On m’a demandé récemment si le blogging était encore utile en 2026, alors que tout le monde semble hypnotisé par les vidéos TikTok et les newsletters sur Substack. Franchement, la question m’a fait sourire. Pas parce qu’elle est bête, mais parce qu’elle révèle un malentendu profond sur ce qu’est vraiment un blog. Un blog n’est pas un article que l’on publie. C’est un acte de positionnement. Et dans un monde où l’IA génère des textes à la chaîne, publier un article réfléchi, signé par un humain, est devenu un signal de confiance plus puissant que jamais.
Le terme « blogging » vient de la contraction de weblog (« web » + « log », soit littéralement « journal sur le web »). L’inventeur de ce nom, Jorn Barger, l’a utilisé pour la première fois en 1997. À l’origine, c’était un journal intime publié en ligne, avec des billets affichés par ordre chronologique inversé, et les lecteurs pouvaient laisser des commentaires. Simple, presque banal. Mais il ne fallait pas s’y tromper : même dans ses habits de journal intime, le blog était un outil de publication radicalement différent de tout ce qui existait avant. Il permettait à n’importe qui de diffuser une parole sans passer par un éditeur. Aujourd’hui, cette liberté est devenue la norme. Le blogging, lui, est devenu un métier à part entière, une stratégie marketing, et pour certains, une véritable source de revenus.

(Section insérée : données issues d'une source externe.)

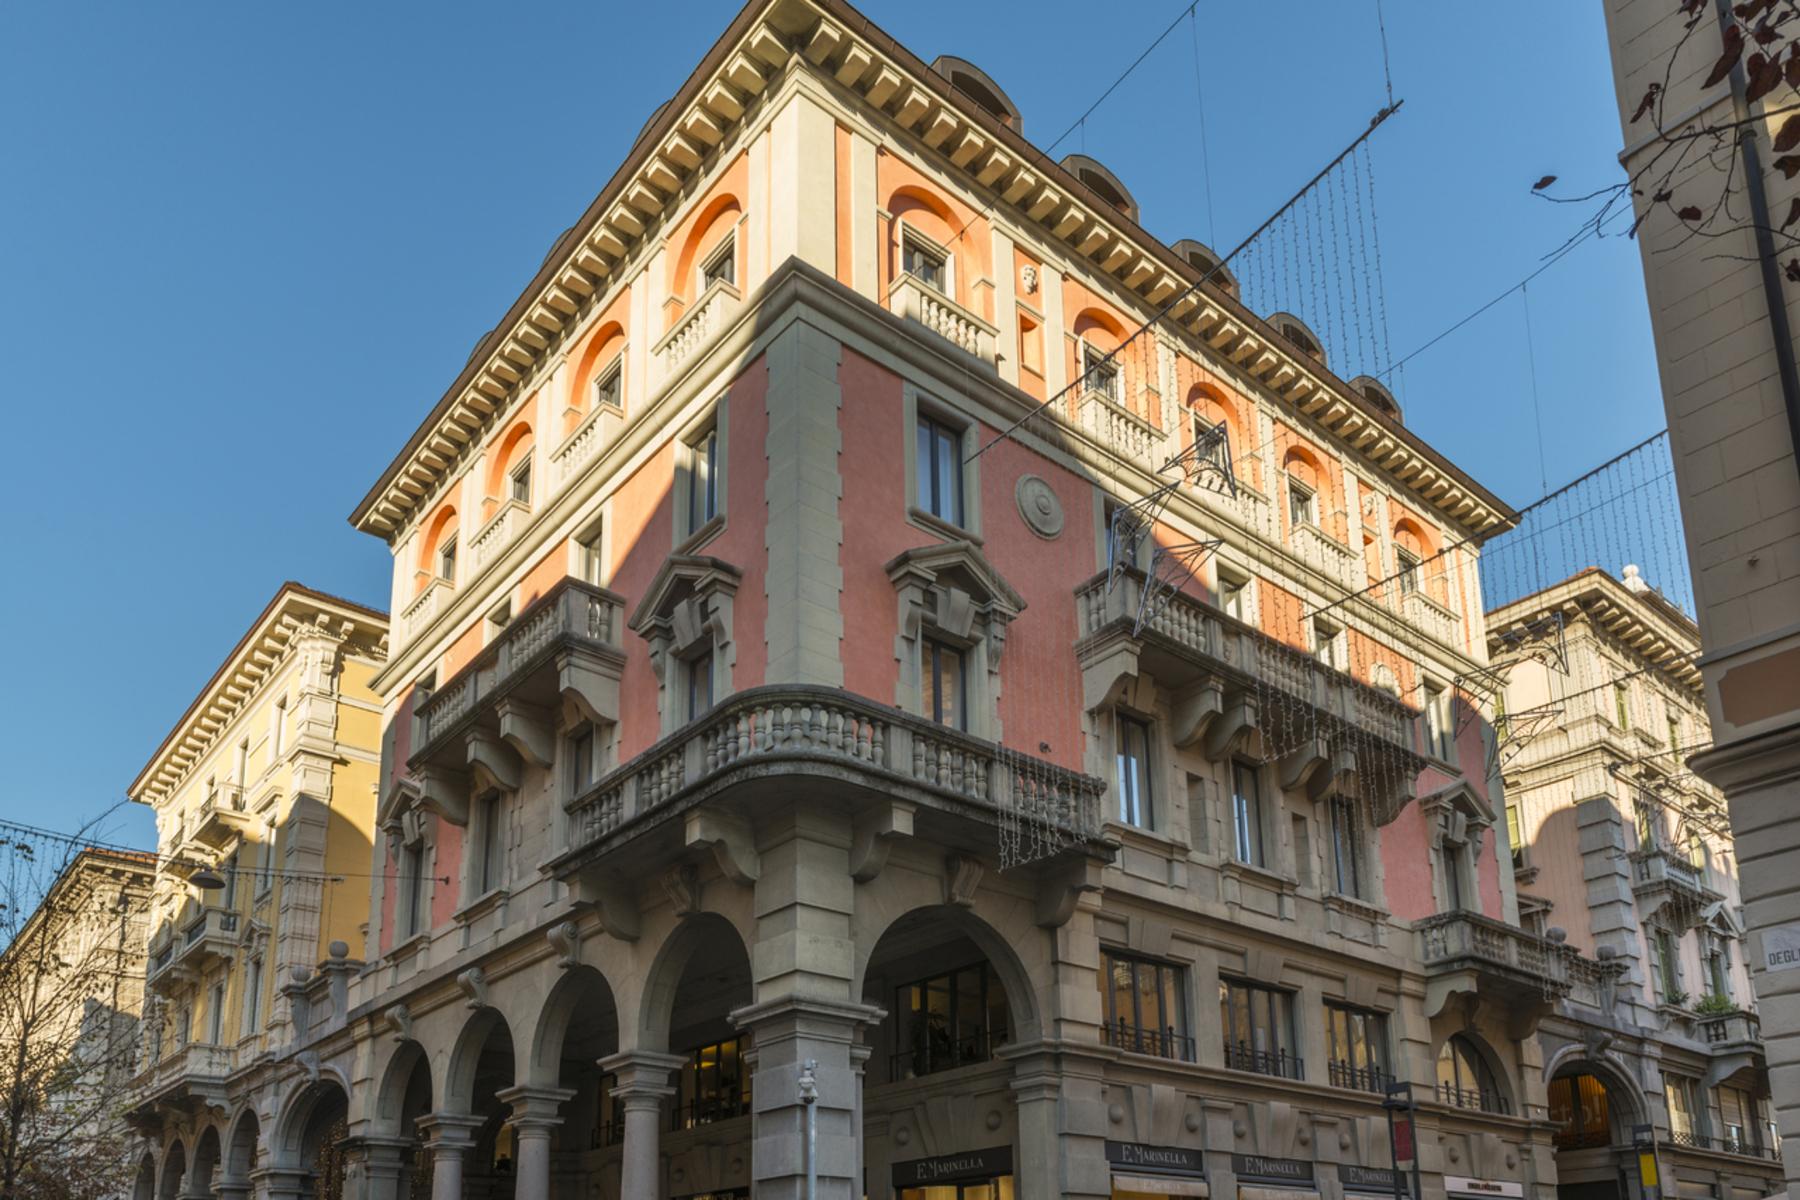 公寓 為 出售 在 Prestigious apartment located in a historical building Lugano, Lugano, Ticino, 6900 瑞士

Vous êtes probablement ici parce que vous vous demandez ce que le blogging peut faire pour vous. Que vous soyez une entreprise cherchant à asseoir sa crédibilité, un indépendant voulant vendre son expertise, ou simplement quelqu’un avec une passion à partager, il y a une réponse concrète. Mais attention : il y a une énorme différence entre « créer un blog » et « faire du blogging ».
Points clés à retenir
- Le blogging est l’acte de créer et de tenir un blog : publier du contenu (texte, images, vidéos) sur une thématique précise, pour soi, pour une marque ou pour une communauté.

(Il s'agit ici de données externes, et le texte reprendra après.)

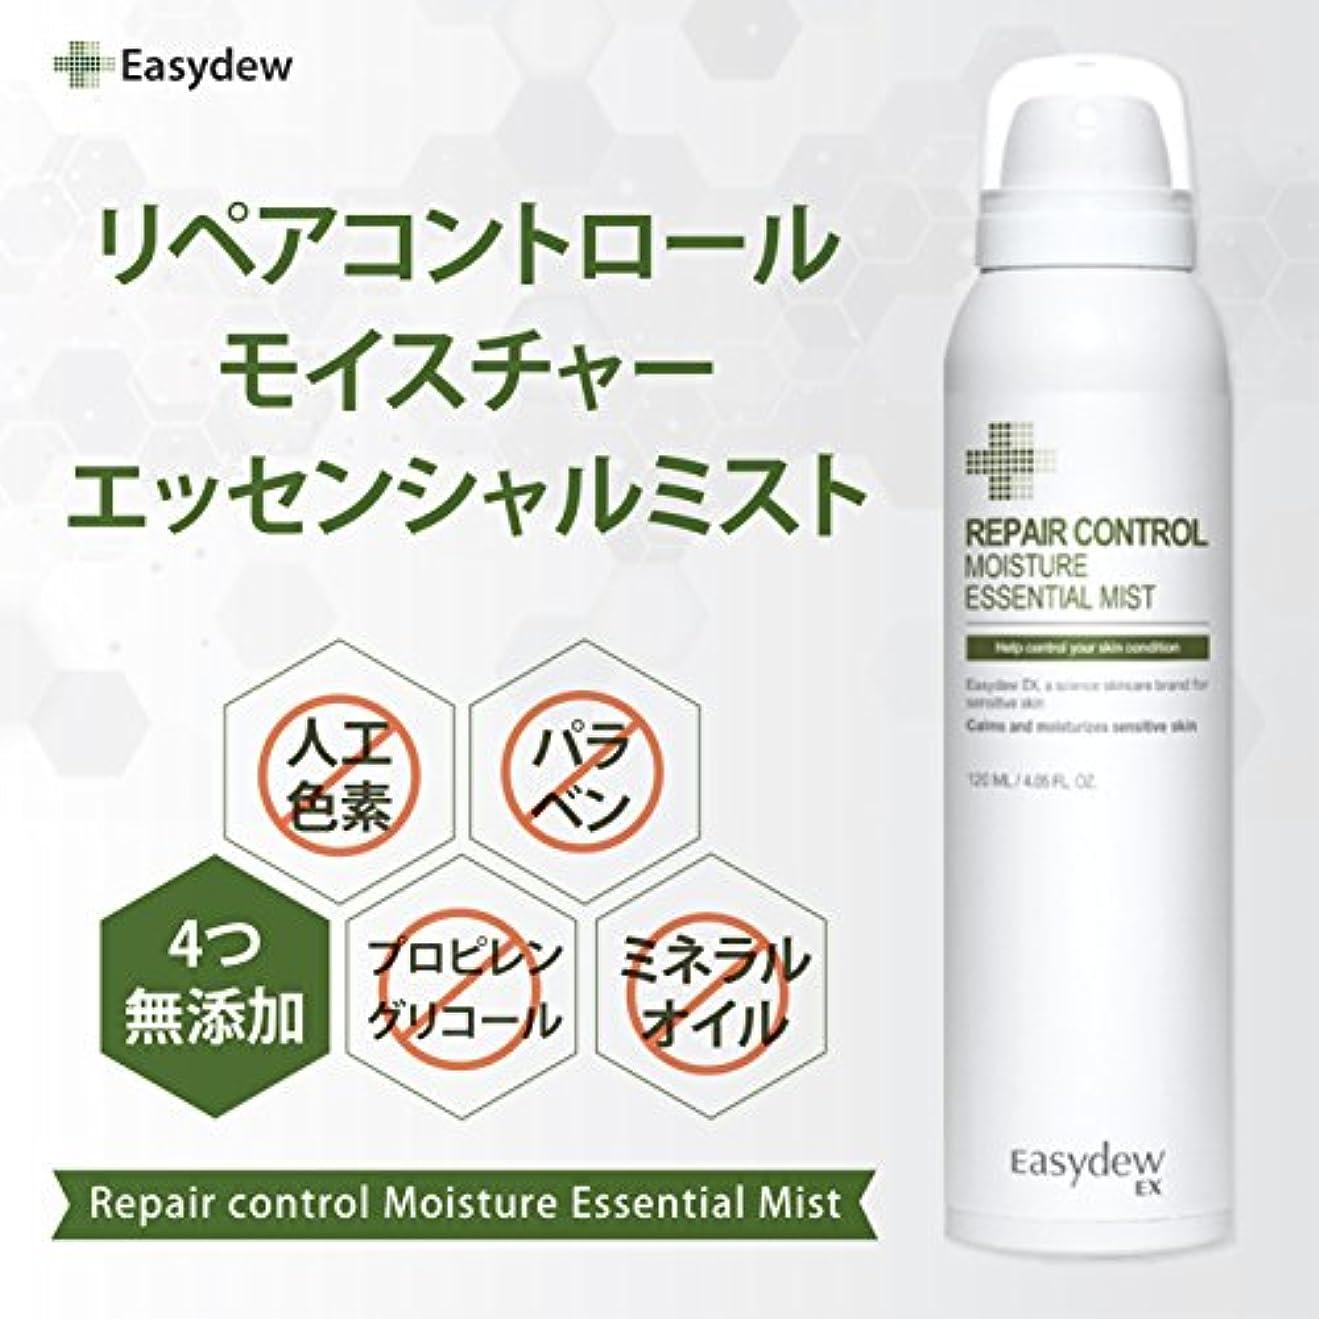 管理する名義でルネッサンスEASYDEW EX リペア コントロール モイスチャー エッセンシャル ミスト Repair Control Moisture Essential Mist 120ml
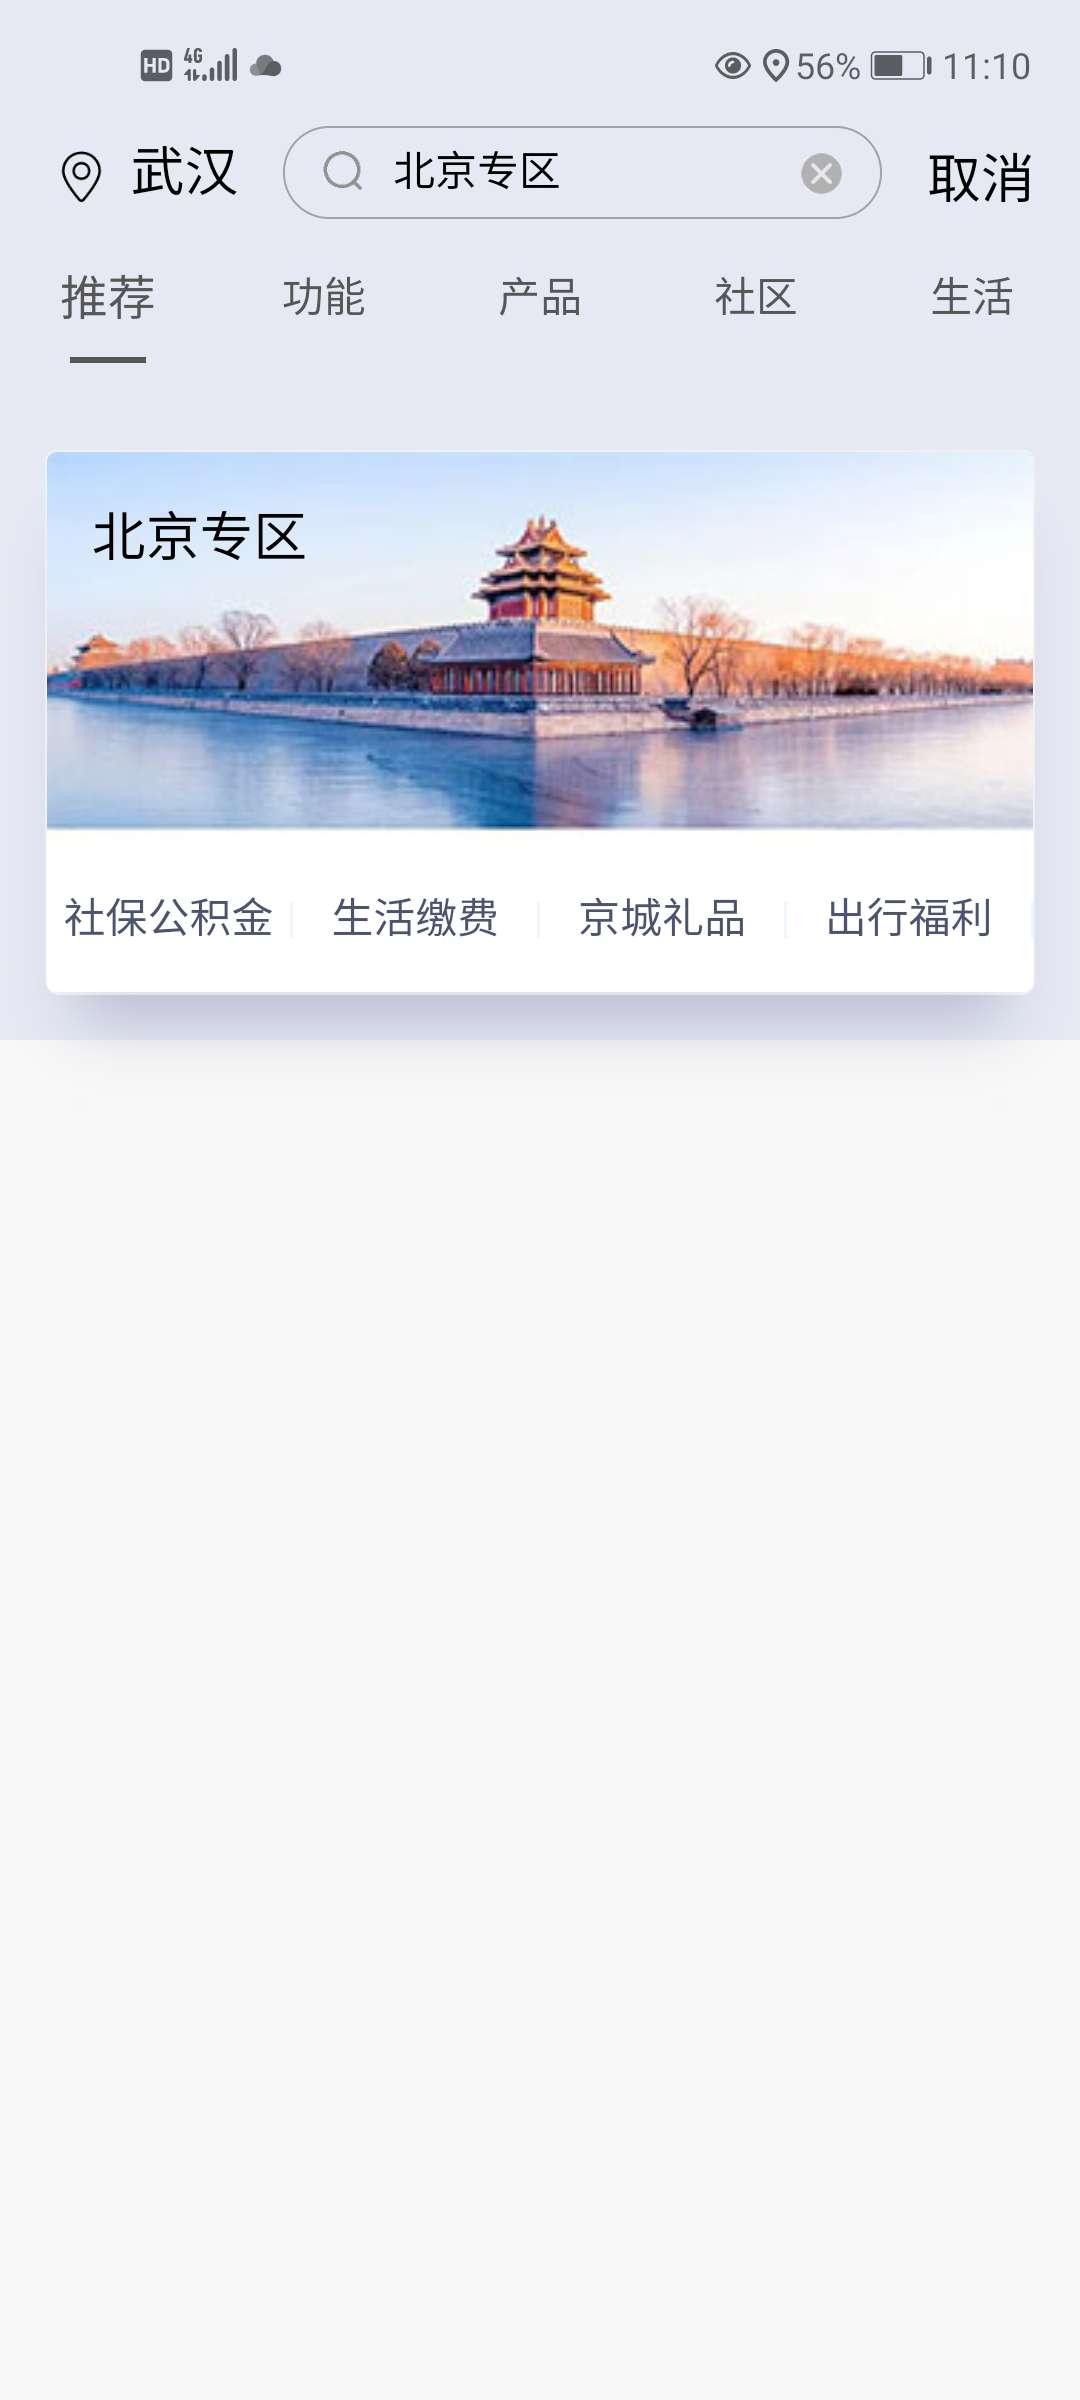 【现金红包】招商银行一网通用户抽红包

- C’est un canal de communication direct : un blog permet de devenir un expert reconnu, de gagner en visibilité sur Google et d’interagir avec son audience.
- Un blog n’est pas un site vitrine : il fonctionne par articles réguliers, toujours affichés du plus récent au plus ancien.
- La monétisation est possible, mais exige une stratégie : publicité, partenariats, vente de produits ou de services ne fonctionnent que si vous définissez précisément votre lecteur cible.
- Le blogging a évolué : du journal intime au magazine 2.0, il est devenu un outil marketing incontournable pour les entreprises, les indépendants et les créateurs.
Qu’est-ce que le blogging, concrètement, en 2026 ?
La définition académique du blogging, c’est « tenir un blog ». Une tautologie qui ne vous aide pas beaucoup, je vous l’accorde. Il faut y voir plus clair. Le blogging, c’est l’exploitation éditoriale d’un espace web que vous contrôlez. C’est la différence fondamentale avec les réseaux sociaux où vous êtes un locataire, pas un propriétaire.
En pratique, faire du blogging implique de rédiger des articles, de les illustrer, de les optimiser pour Google, de les partager sur les réseaux sociaux, et de répondre aux commentaires. Oui, ça fait beaucoup de verbes. Beaucoup de gens sous-estiment cette charge de travail. Ils créent un site WordPress (ou autre), publient trois articles, et au bout d’un mois, ils s’étonnent que le trafic n’explose pas.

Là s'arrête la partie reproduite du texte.